Basic code to build off of…
Load your expression data into R as a matrix or data frame
### txt
expression_data <- read.table("expression_data.txt", header=TRUE, sep="\t")
### csv
expression_data <- read.csv("expression_data.csv")
Normalize the expression data to account for technical variability and scale differences
library(DESeq2)
expression_dds <- DESeqDataSetFromMatrix(countData = expression_data,
colData = sample_info,
design = ~ condition)
Note that the DESeqDataSetFromMatrix function also requires a data frame sample_info with information about the samples, such as the experimental condition, and a formula specifying the design of the experiment. The DESeq2 package provides several normalization methods, including the default “SizeFactors” method.
Perform statistical tests to identify differentially expressed genes: DESeq() function
dds <- DESeq(expression_dds)
The DESeq2 package provides a likelihood-ratio test for the negative binomial distribution, which is the default test for identifying differentially expressed genes.
After the statistical tests have been performed, the resulting p-values can be adjusted for multiple testing to control the false discovery rate (FDR) using methods such as the Benjamini-Hochberg procedure. The adjusted p-values can then be used to identify differentially expressed genes. The limma, DESeq2, and EdgeR packages all offer functions for multiple testing correction.
It is important to understand the assumptions and limitations of each statistical test and to choose the most appropriate test based on the characteristics of your data and the question you are trying to answer.
Correct for multiple testing to control for false positive results.

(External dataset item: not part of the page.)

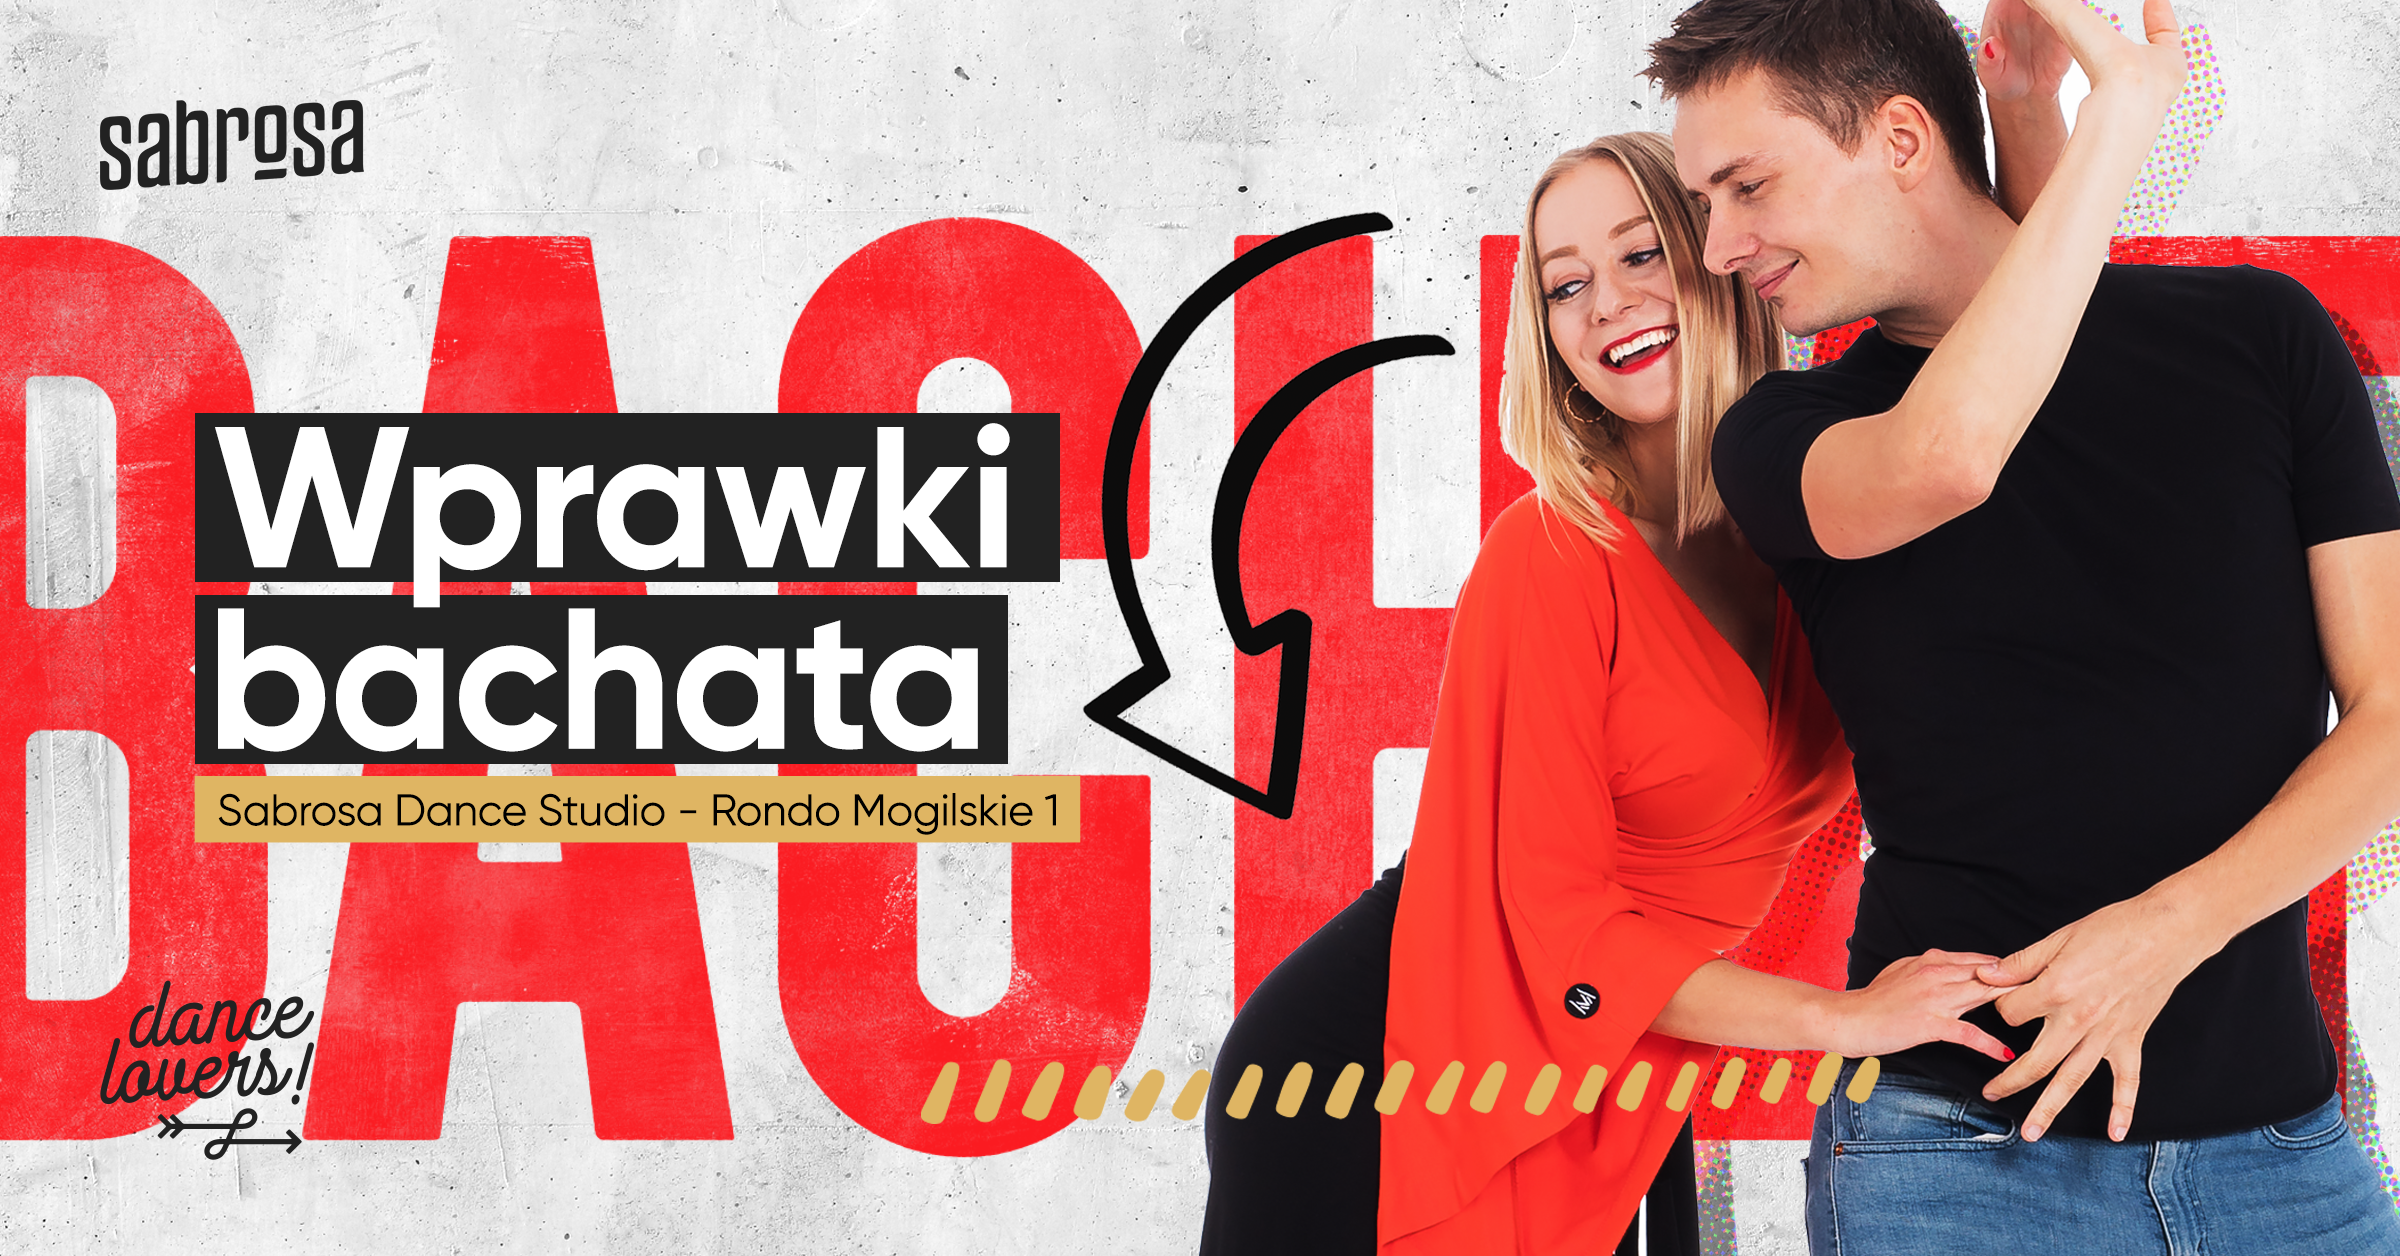 Wprawki Bachatowe  w Salsa Sabrosa Dance Studio - Kraków

Multiple testing correction is an important step in differential expression analysis to control for false positive results due to the large number of hypothesis tests performed. Multiple testing correction adjusts the p-values obtained from the statistical tests to account for the number of tests performed and the probability of observing false positive results.
res <- results(dds)
res <- res[which(res$padj<0.05),]
Here, res$padj is a vector of adjusted p-values, and the resulting data frame res only includes rows for genes with adjusted p-values less than 0.05.
Visualize and interpret the results
Volcano plots: Volcano plots display the log2 fold-change of each gene on the x-axis and its corresponding -log10 adjusted p-value on the y-axis. Genes that are significantly differentially expressed are plotted as dots, and the dots are colored based on the direction of the log2 fold-change.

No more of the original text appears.